Сжался, боясь услышать: у нас такого нет (ведь приехал втемную, что-то выведав у матери-поэтессы); или не лучше: сегодня нет. И жди, пока объявится.
— Да был…
«Ура!»
Вот Федин замер в коридоре перед лакированной дверью кабинета следователя, которая оказалась закрытой, но уборщица сказала:
— Видела, ходил здесь.
«Теперь я уж его не упущу», — подумал Федин.
Только сколько придется ждать, не знал. Разговаривал с уборщицей, мешая ей мыть пол, а та, довольная, что на нее обратили внимание, бросила в угол тряпку и говорила, говорила.

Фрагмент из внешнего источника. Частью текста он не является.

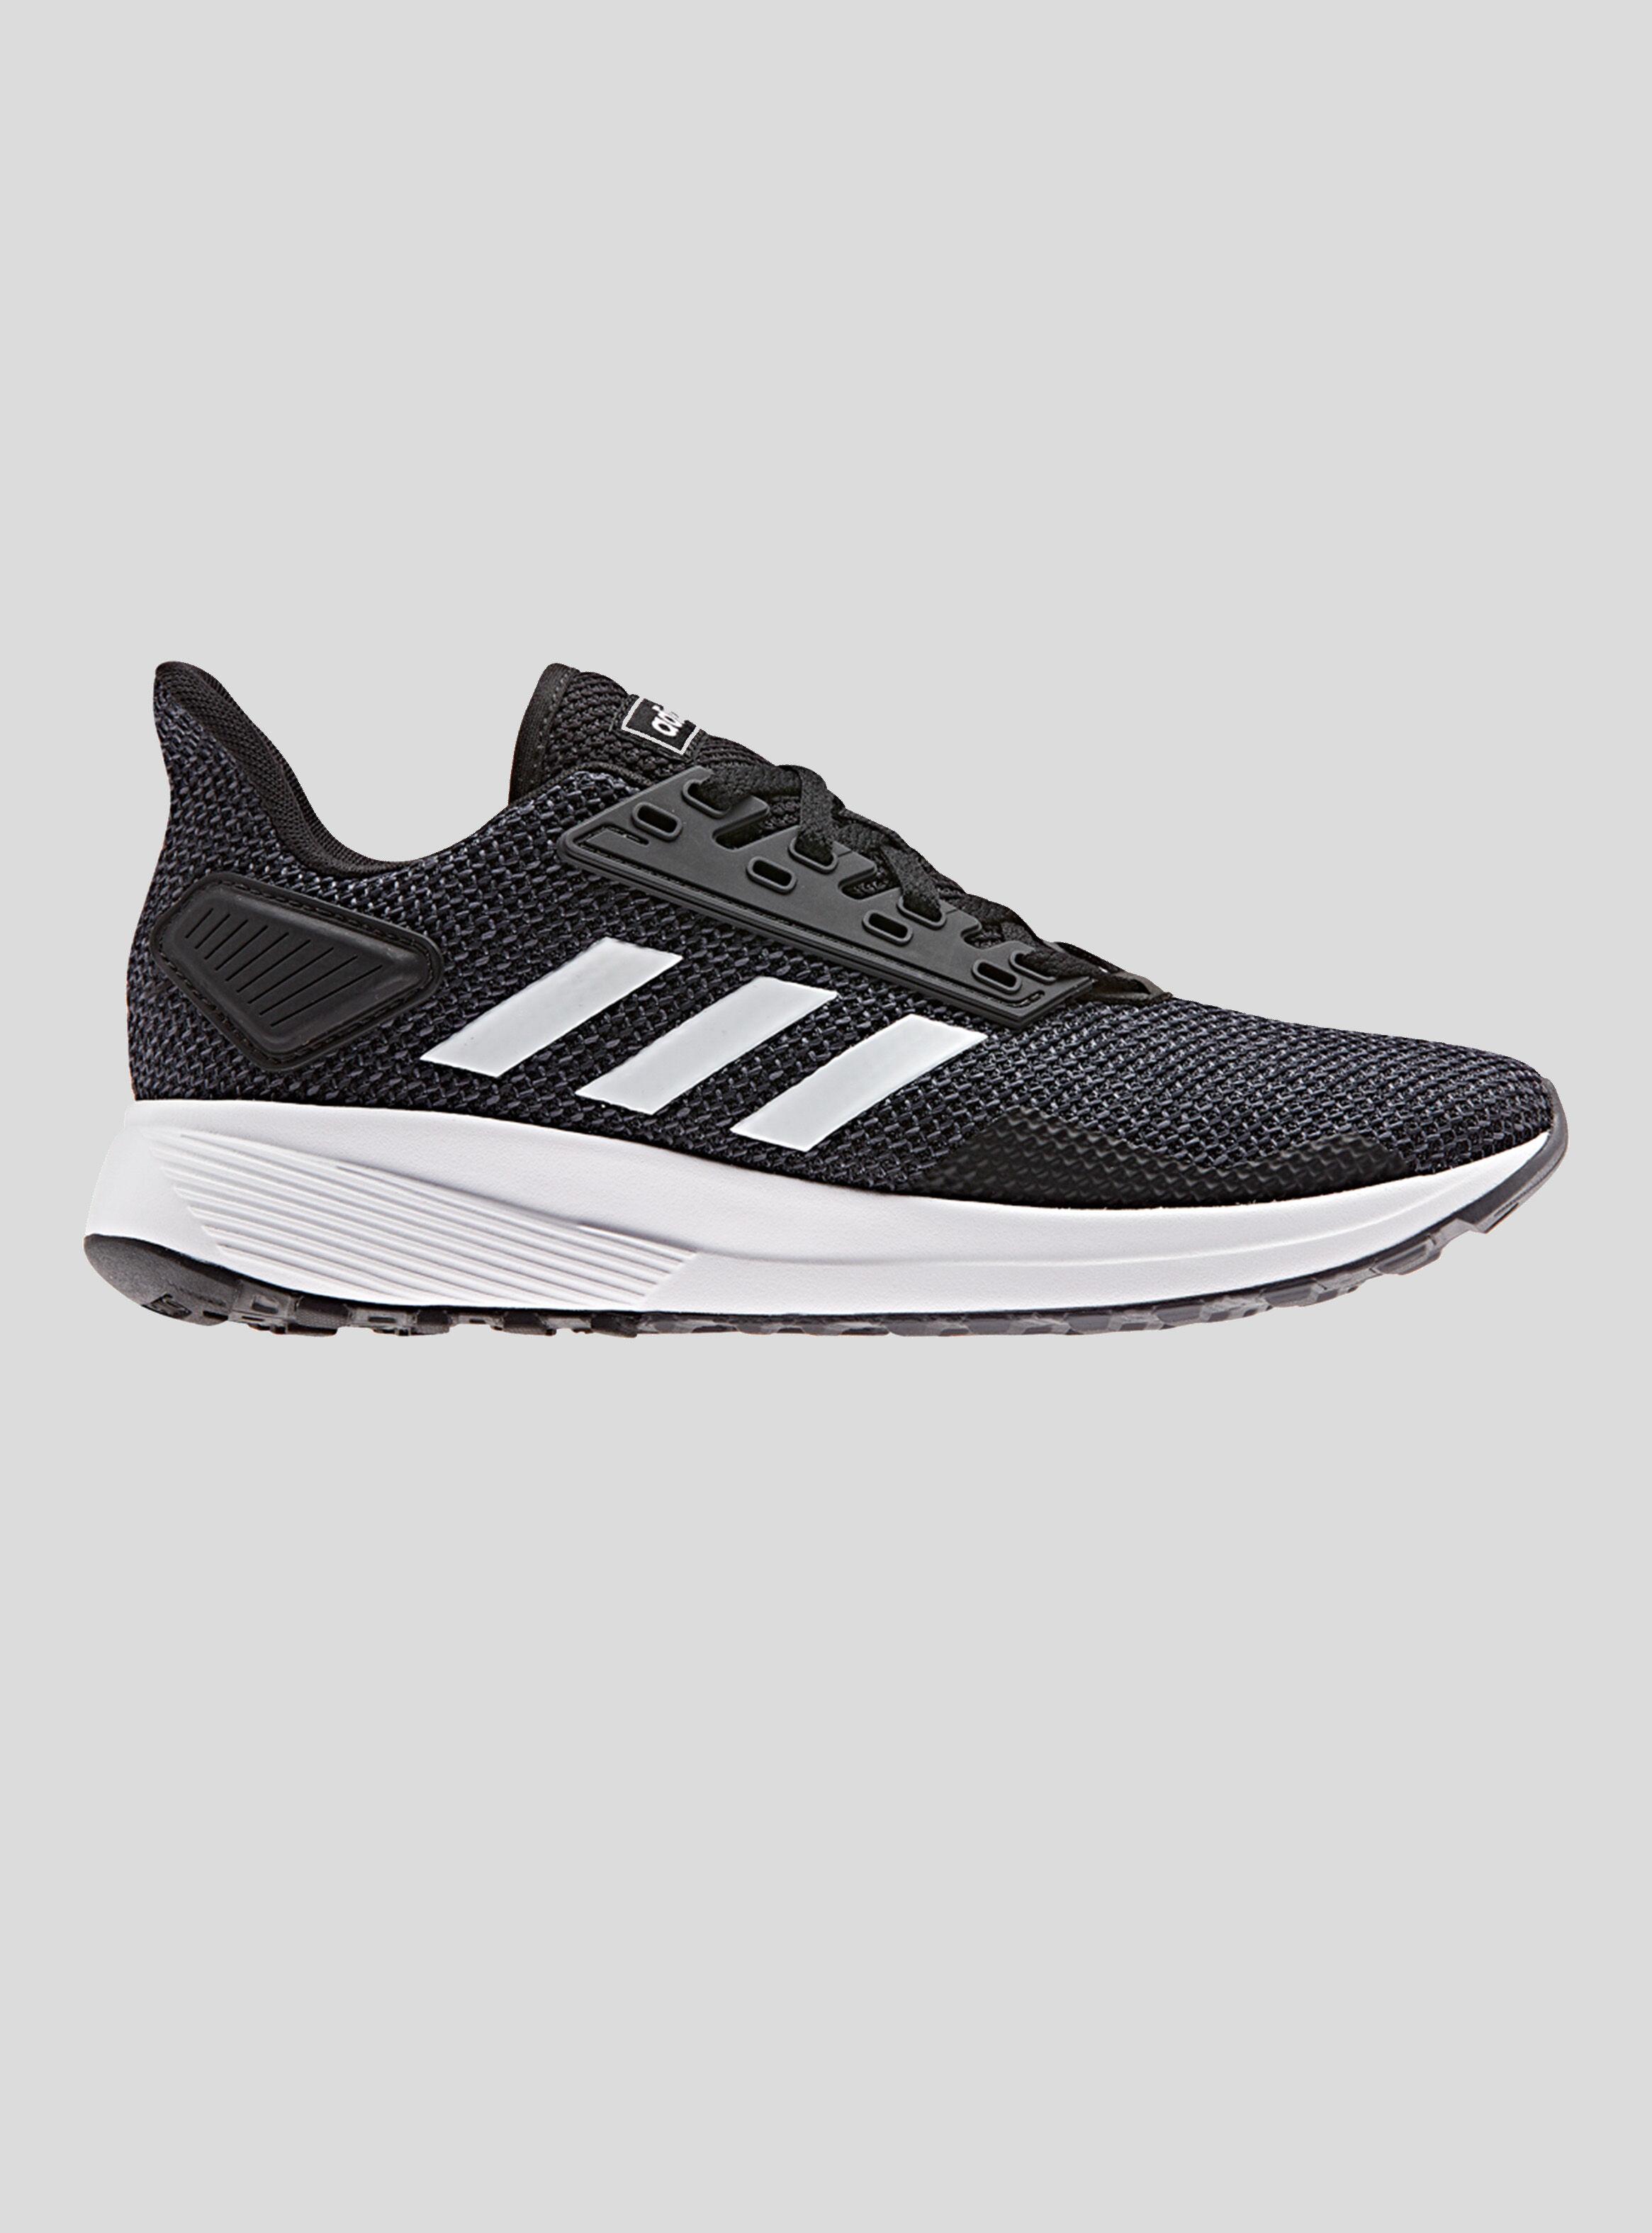 Zapatilla Adidas Duramo 9 Running Negra Mujer

Он вскоре узнал, что здание полиции когда-то занимал трест ресторанов, даже сохранился с той поры мрамор в коридорах и в паре кабинетов. Федин представил апартаменты, где восседали управляющий трестом и его замы-помы: ковры устилали пол, стены закрыли аквариумы с рыбками, картины над барами с выпивкой. Теперь тут хозяевали люди в погонах.
«Полицаи», — недовольно прозвучало никак не ложащееся на душу слово.
Появился упитанный, похожий на моржонка мужичок в шинели с двумя звездами на каждом погоне. «Подполковник», — понял гость. Вставил ключ в скважину, открыл дверь. Его кабинет оказался без картин, без ковров, без бара и аквариумов, заваленный стопами бумаг и томами дел огромный стол.
Подполковник вовсе не удивился адвокату:
— По мне, адвокат хоть с Колымы…
«Плохой намек», — укололо Федина.
Тем не менее теперь он торжествовал: сейчас узнает многое, что было покрыто завесой тайны. Оказалось, его клиент, сын поэтессы, — отпетый мошенник, что ему еще светит другое хищение помимо мошенничества.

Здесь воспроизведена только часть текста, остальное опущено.